A succession of workforce reviews such as the Nutbrown review in England and Professor Iram Siraj’s review of the childcare workforce in Scotland have argued coherently that a raft of measures are needed to raise quality, such as improving training, simplifying and integrating inspection frameworks, ensuring that staff receive the living wage or higher, and incentivising graduates to join the profession. Our report proposes a funding structure and a realistic long-term investment plan to deliver fully on these proposals.
The bigger picture
High quality care also means investing in family support, primarily through children’s centres and family hubs, which JRF’s wider strategy recommends extending where appropriate.

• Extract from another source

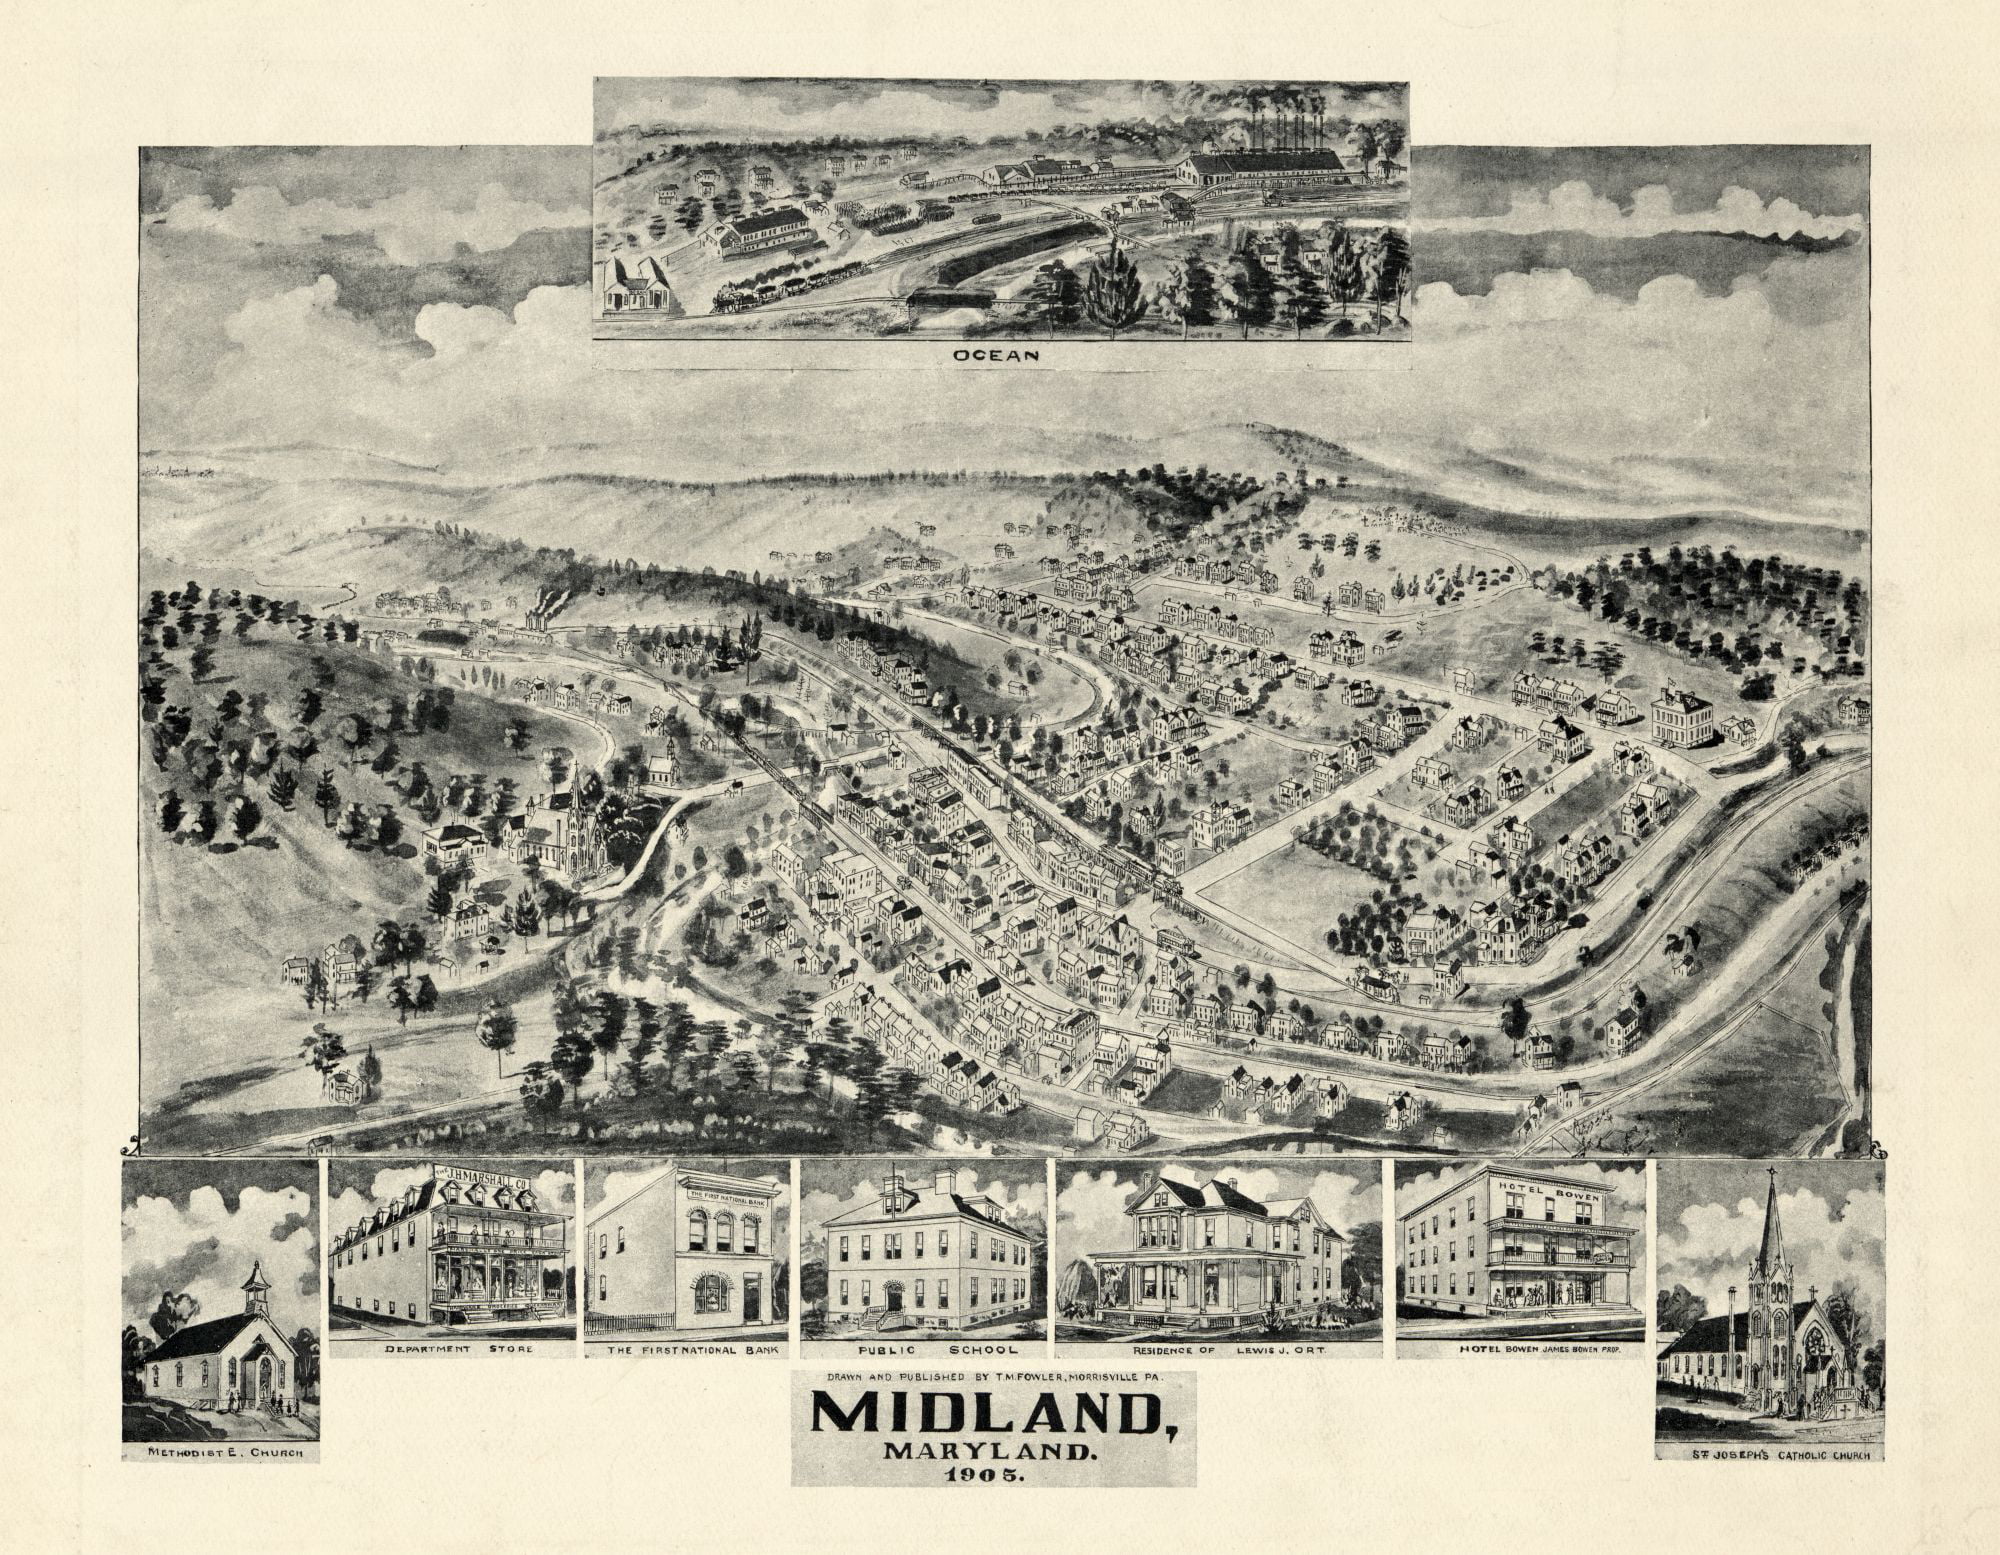 Fowler 1905-23.00 x 29.59 Midland Maryland 
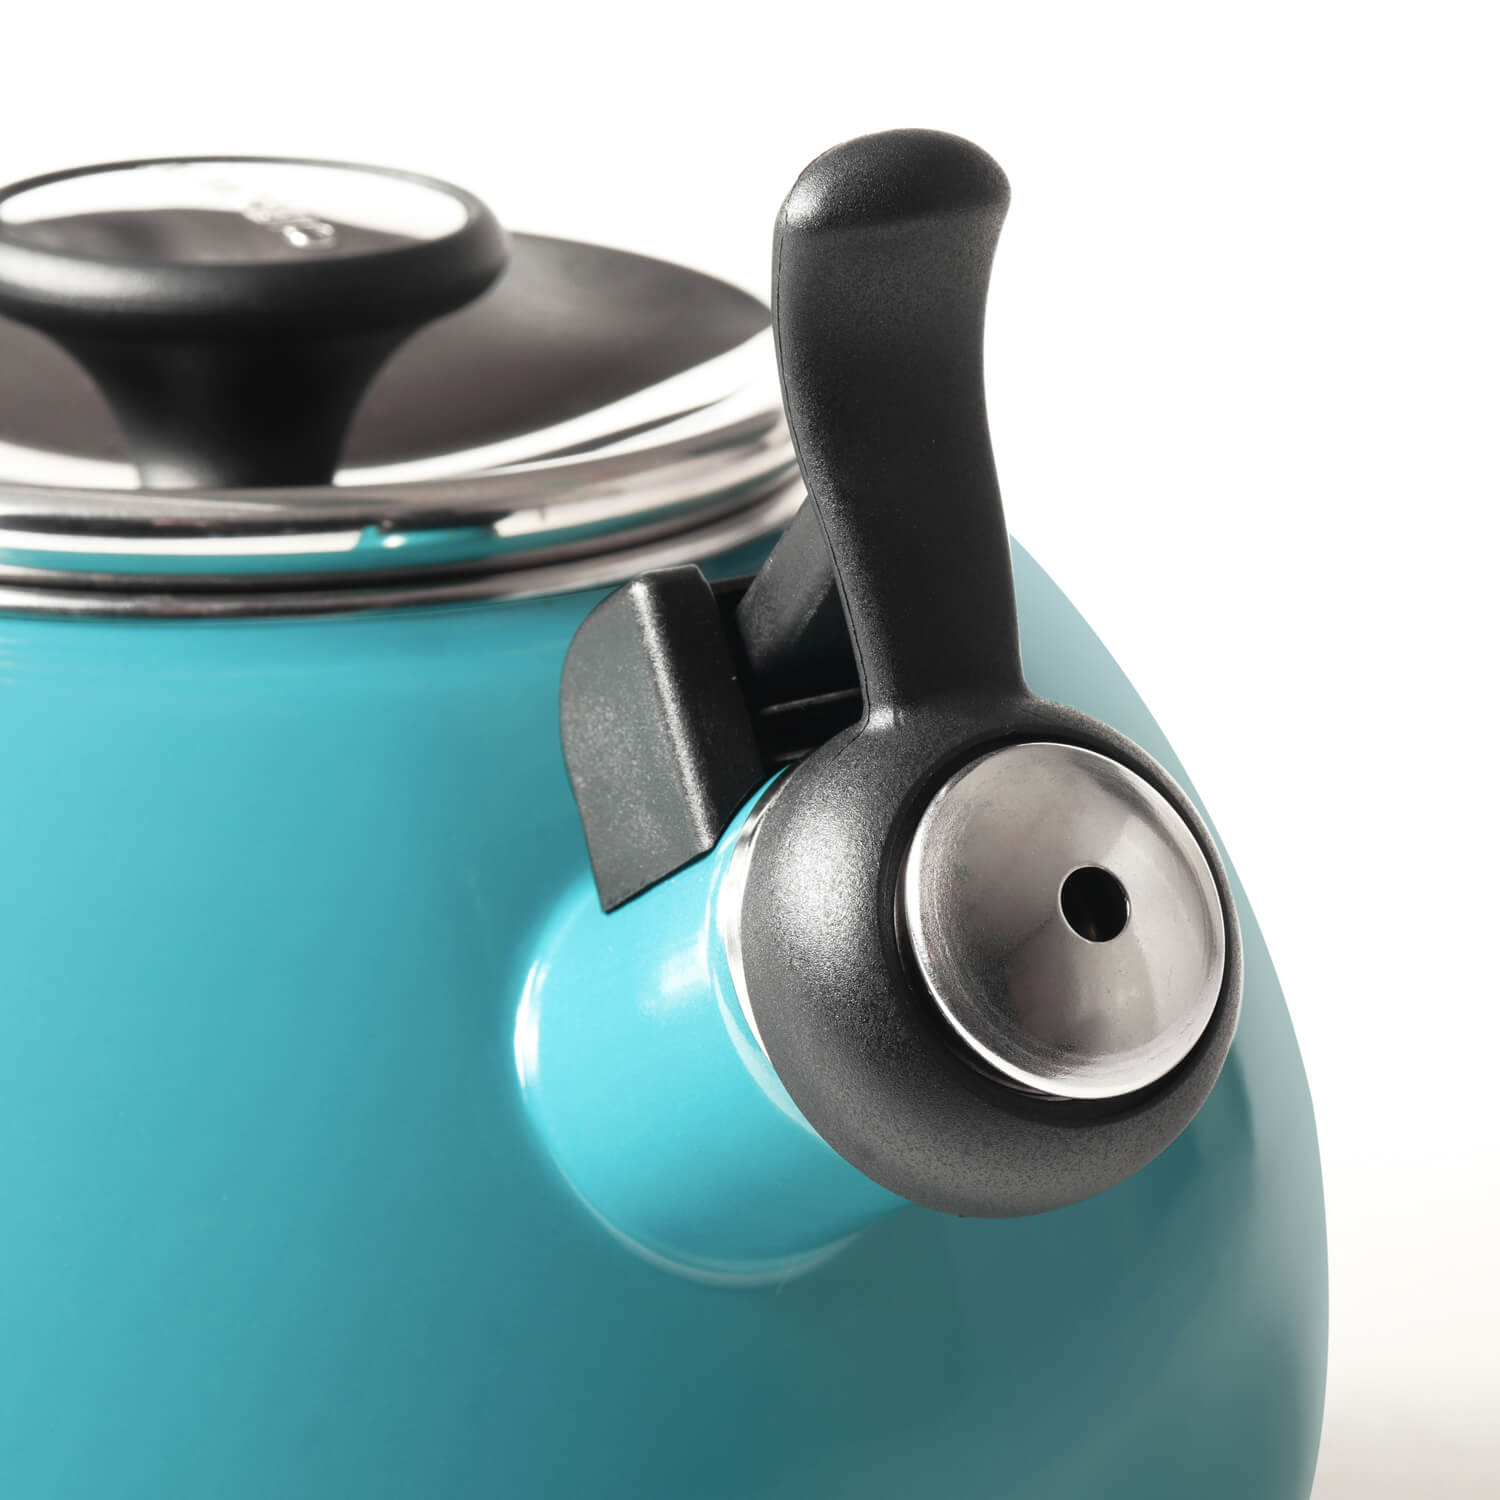 Circulon Enamel On Steel Whistling Tea Kettle 1.9 Liters, Turquoise

Policy makers must prioritise protecting support such as maternal and infant health services, employment advice, basic skills training and parenting support that prevent problems from emerging and help families who are experiencing difficulties get back on their feet. Unfortunately, these services have been caught up in local government budget cuts. It makes little sense to protect the education budget and the NHS whilst cutting early years services targeted at those most vulnerable to poverty.
While welcome to many families, the 30 hour offer does not solve the childcare conundrum for all. The offer does not extend to one or two year olds, leaving a gap between the end of parental leave and the beginning of free care. Offering a flat 30 hours to all families is also a relatively crude way of allocating funding to meet need; in reality, some families with high incomes will need fewer hours and some families with low incomes will need more. Most critically, a generous offer for working families exacerbates funding challenges: it is difficult to significantly extend free hours, invest in quality, increase flexibility and protect family support services all at once.
Next steps
The wholesale reform of early years funding would provide a valuable opportunity to improve on the current system. Our report recommends that the free offer focuses on delivering 15 hours of high quality free early education to all two to four year olds. Alongside the free offer, parents should have an entitlement to daycare from 8.00am to 6.00pm (we also propose some steps to improve access to childcare for parents working atypical hours) and a simple tapered fee structure should be put in place – families with low incomes would receive all care free of charge whilst those with higher incomes would pay a modest capped fee for hours after the first 15, starting at 50 pence per hour. This approach, which is similar to the models that operate in the Nordic states, is a more sensible way of targeting resources effectively and would allow policy makers to square the funding circle.
These proposals are inevitably costly and in the long-term would involve increasing spending on early education and childcare from 0.5 per cent of GDP at present to around 0.85 per cent. But a well-designed system will bring fiscal and social returns to the public much greater than this investment. Unfortunately, too little attention is paid to the aspects of care that really make a difference to families and services are falling short of their potential to improve children’s outcomes and raise family incomes. Policy makers must ensure that good intentions translate into well-designed policy and build a childcare system that truly helps to address poverty.